Parks Budget For 2007

by Anne Schwartz, Apr 25, 2006

In recent years, the city’s parks have become greener and cleaner as a result of a substantial increase in capital spending for park renovation, as well as the growth of park groups that raise private funding for maintenance and provide volunteer labor. Many new parks, large and small, are in the works, including the High Line, Fresh Kills, and a new six-acre park on the Keyspan site in Queens.

At the same time, however, city allocations to maintain the parks and provide recreational programs, cut repeatedly over the last two decades, have not been restored. The parks department has made effective use of the resources it has, including temporary workers in various welfare-to-work programs funded by the Human Resources Agency. Its internal inspection ratings of park conditions are at an all-time high, according to Parks Commissioner Adrian Benepe. But a comparison of the beautifully maintained plantings and trees, lush lawns, and green ball fields in privately funded Central Park with the scraggly grass, dirt fields, and trees in need of pruning in, say, Queensbridge Park, illustrates how more horticultural attention could improve many parks.

The city’s annual budget process works against any significant increase in funding to care for the parks. Typically, the mayor proposes a baseline that is lower than the previous year’s adopted budget, and the City Council adds back in most or all of the items that were cut. This keeps the focus on restoring programs instead of adding funding.

This year, the mayor’s preliminary budget eliminates $14 million for 600 seasonal park employees, the entire street tree pruning effort, and an after-school program at the recreation centers. It also cuts the one major new budget item from last year, the 50 new Park Enforcement Patrol officers added amid concern about crime in the parks, which had increased the force to 110. In early April, three of the newly hired PEP officers stopped an attempted rape in Forest Park in Queens.

“Saving lives shouldn’t be part of a budget dance,” said Christian DiPalermo, executive director of New Yorkers for Parks, the citywide parks advocacy group. “I think that we should all just agree these are necessary programs and they should be funded. More energy should be put by the Council and the Mayor to improving park service with additional funds, particularly when there is a surplus.”

Park advocates are lobbying for the council to add $9 million to the parks budget to almost double the PEP force to 200 officers and to increase the frequency of tree pruning from the current ten-year cycle to the generally accepted standard of pruning each tree every seven years.

The additional funding would also include $3 million for expanding the Neighborhood Parks Initiative, a partnership of the parks department, the City Parks Foundation, and the Central Parks Conservancy inaugurated in 30 parks last year. The program assigns a full-time gardener and playground associate to outer-borough parks in need of better maintenance. The Central Park Conservancy helped train the new gardeners, the first to be hired by the parks department in years. One of the goals is to disseminate the practices that have improved Central Park so dramatically, including the zone management system that gives gardeners personal responsibility for a specific section of the park.

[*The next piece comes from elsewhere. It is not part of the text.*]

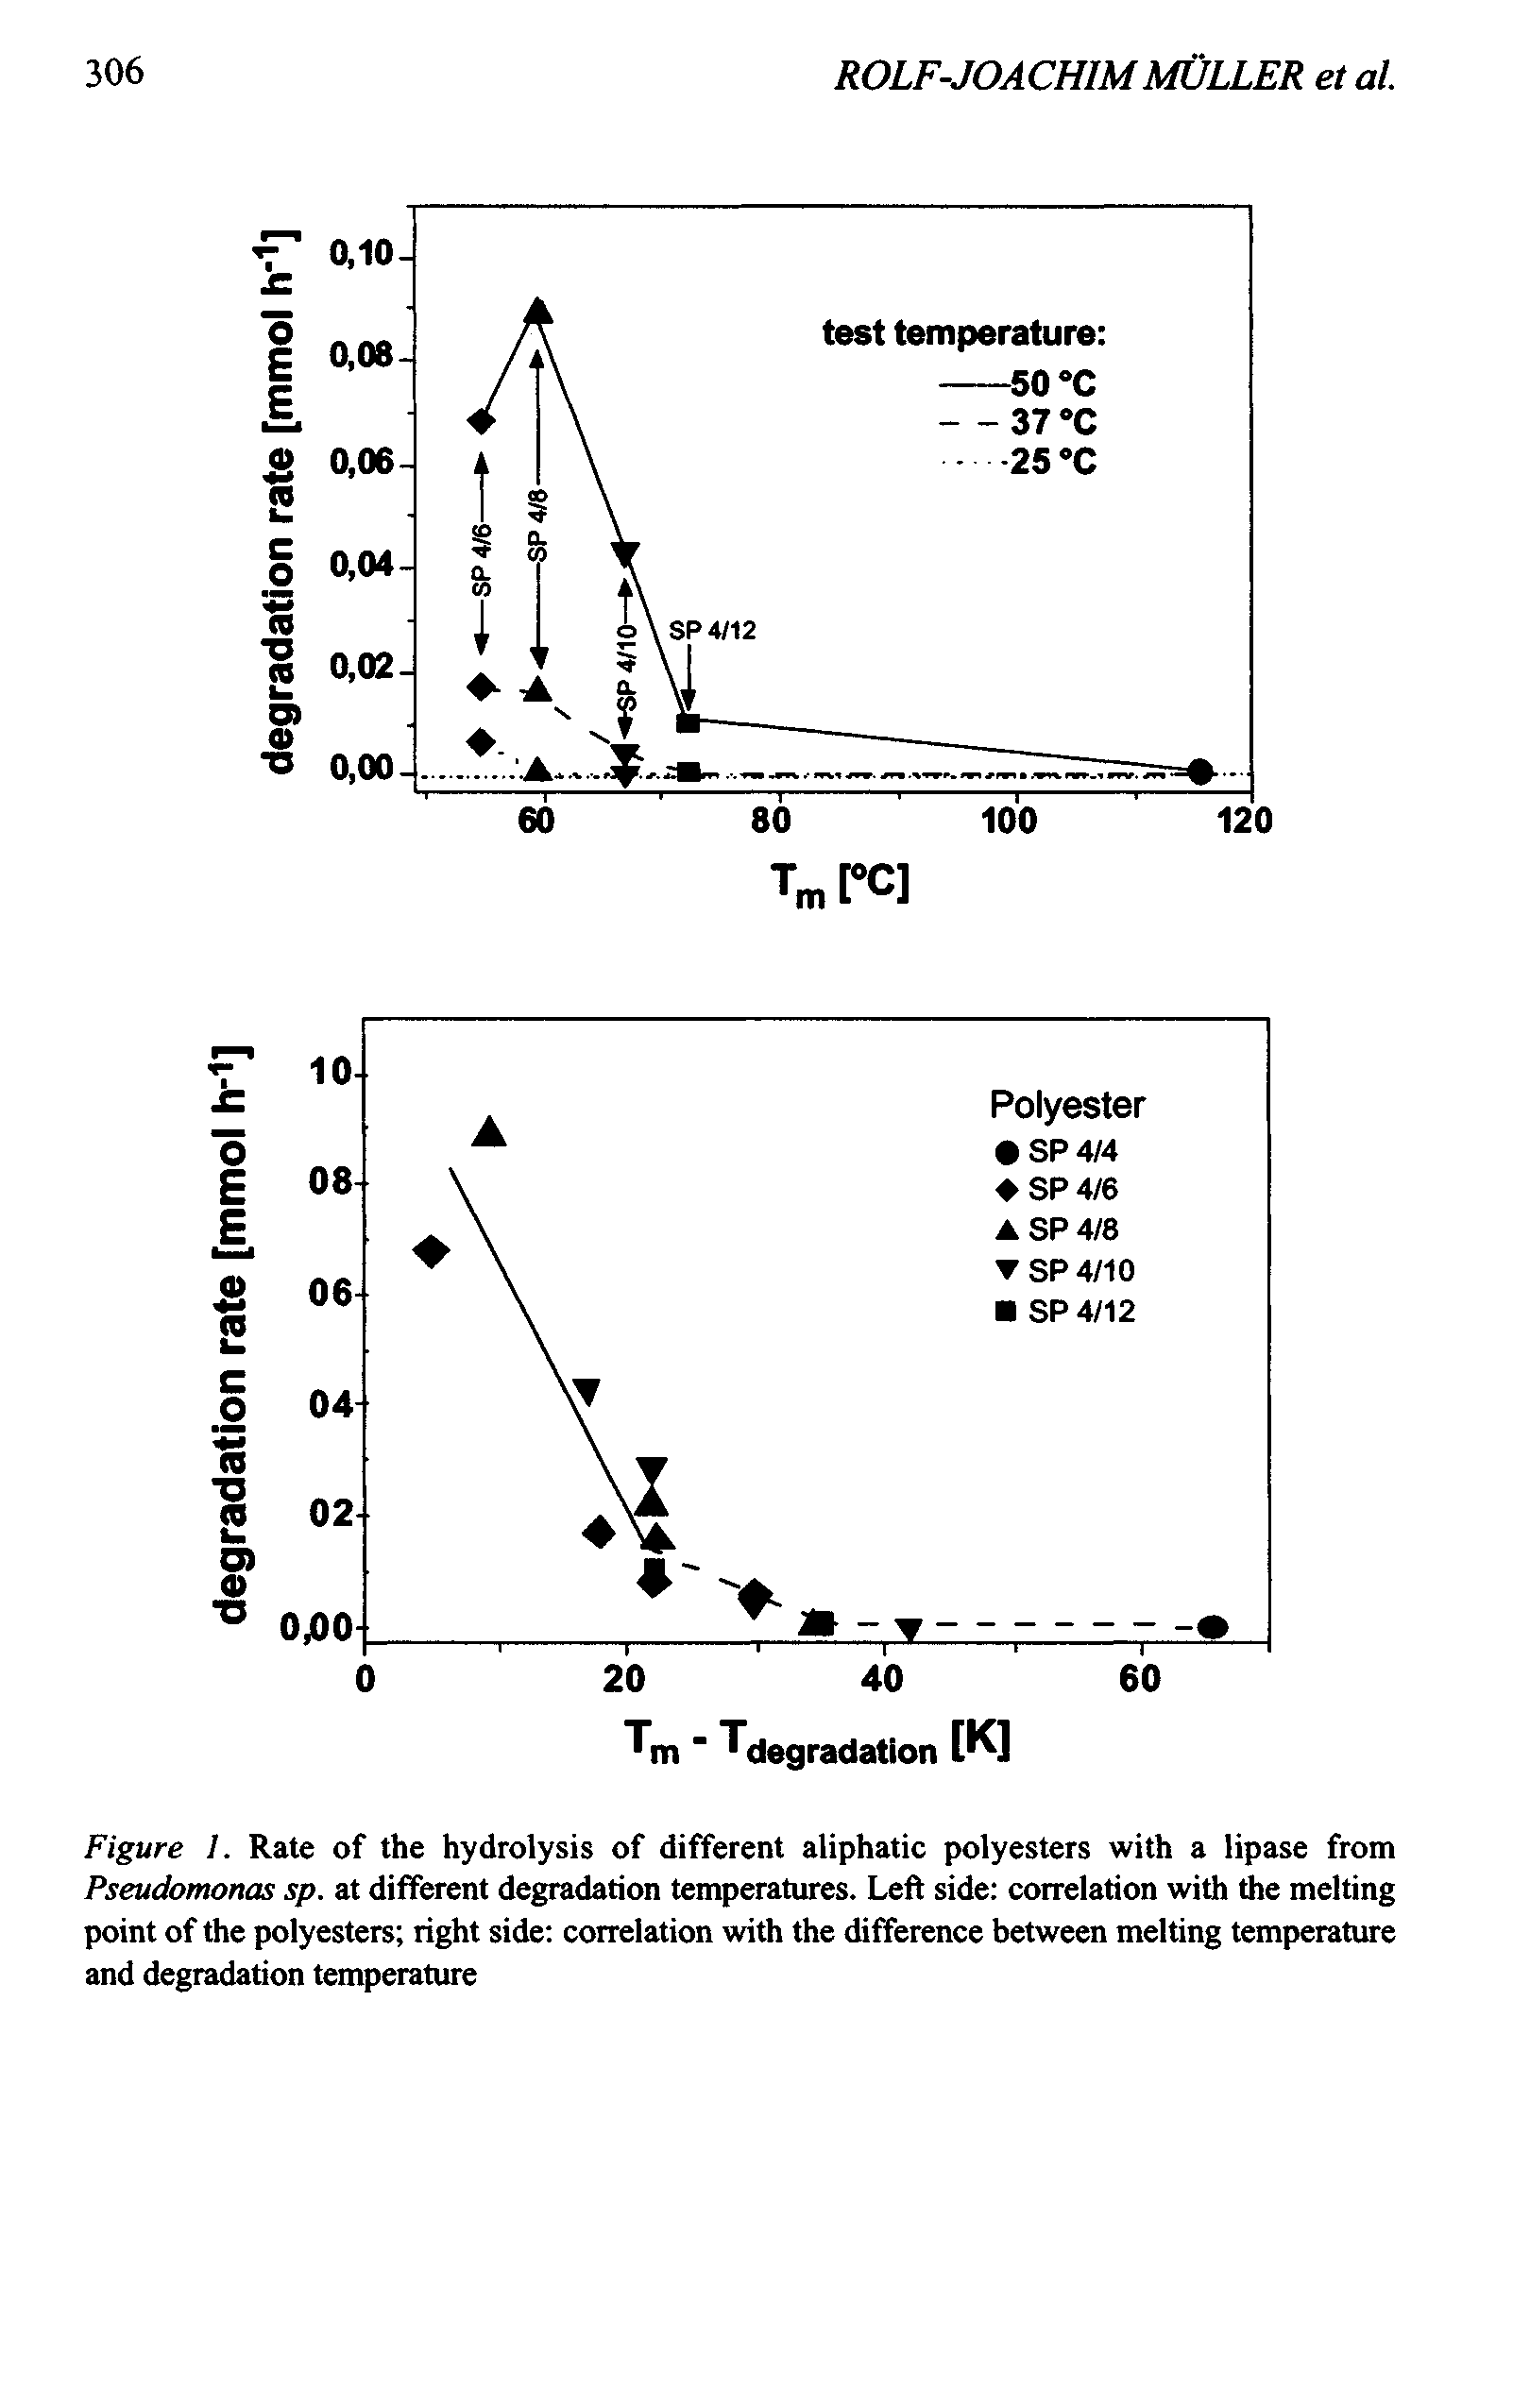 Figure 1. Rate of the hydrolysis of different aliphatic polyesters with a lipase from Pseudomonas sp. at different degradation temperatures. Left side correlation with the melting point of the polyesters right side correlation with the difference between melting temperature and degradation temperature...

Drawing Revenue from the Parks

The parks department also raises about $60 million a year through concessions and various fees. The money goes into the general fund, not directly to parks, but it helps buffer the department from budget cuts.

For the next fiscal year, the city is proposing to bring in additional revenue by charging membership fees at the six recreation centers receiving federal Community Development Block Grant funding. These recreation centers had remained free in 2003 when the city began charging visitors to most centers. The fee is $50, or $75 for centers with pools. (Children up to age 18 can still use the centers for free, and there is a reduced senior fee.)

The new fees are projected to bring in $2 million. But that revenue goal may be unrealistic, according to the Independent Budget Office. Its recent analysis of center use and revenue after the fees were instituted found that attendance dropped at the centers charging the higher amount, while it increased at the free and less expensive centers.

The analysis suggests that once fees are imposed at the formerly free centers, fewer people -- especially from the lower income populations that are at higher risk of obesity and diabetes -- will use them. If charging for using park facilities ends up discouraging people from using them, it undermines the mission of the parks department as well as the larger public policy goal of improving the health of residents.

Commissioner Benepe takes issue with that conclusion, however. “What we have found is that when it’s free, lots of people join, but very few people actually come,” he said. “When people pay, they tend to use it more.” He noted that the fees were a fraction of a typical health club membership. He also said there was no difference in the socioeconomic status of people using the community development-funded centers and the others, so that it was more equitable to charge a fee at all centers.

The Independent Budget Office also looked at what happened when the parks department raised the price of a season’s tennis court pass from $50 to $100. Doubling the price led to a 40 percent drop in the number of passes sold, resulting in only a 16 percent increase in income, part of which came from higher sales of one-time use passes. The budget office found that tennis court usage “appeared to have dropped off significantly,” and concluded that a smaller price increase might have resulted in both greater total revenues and court use.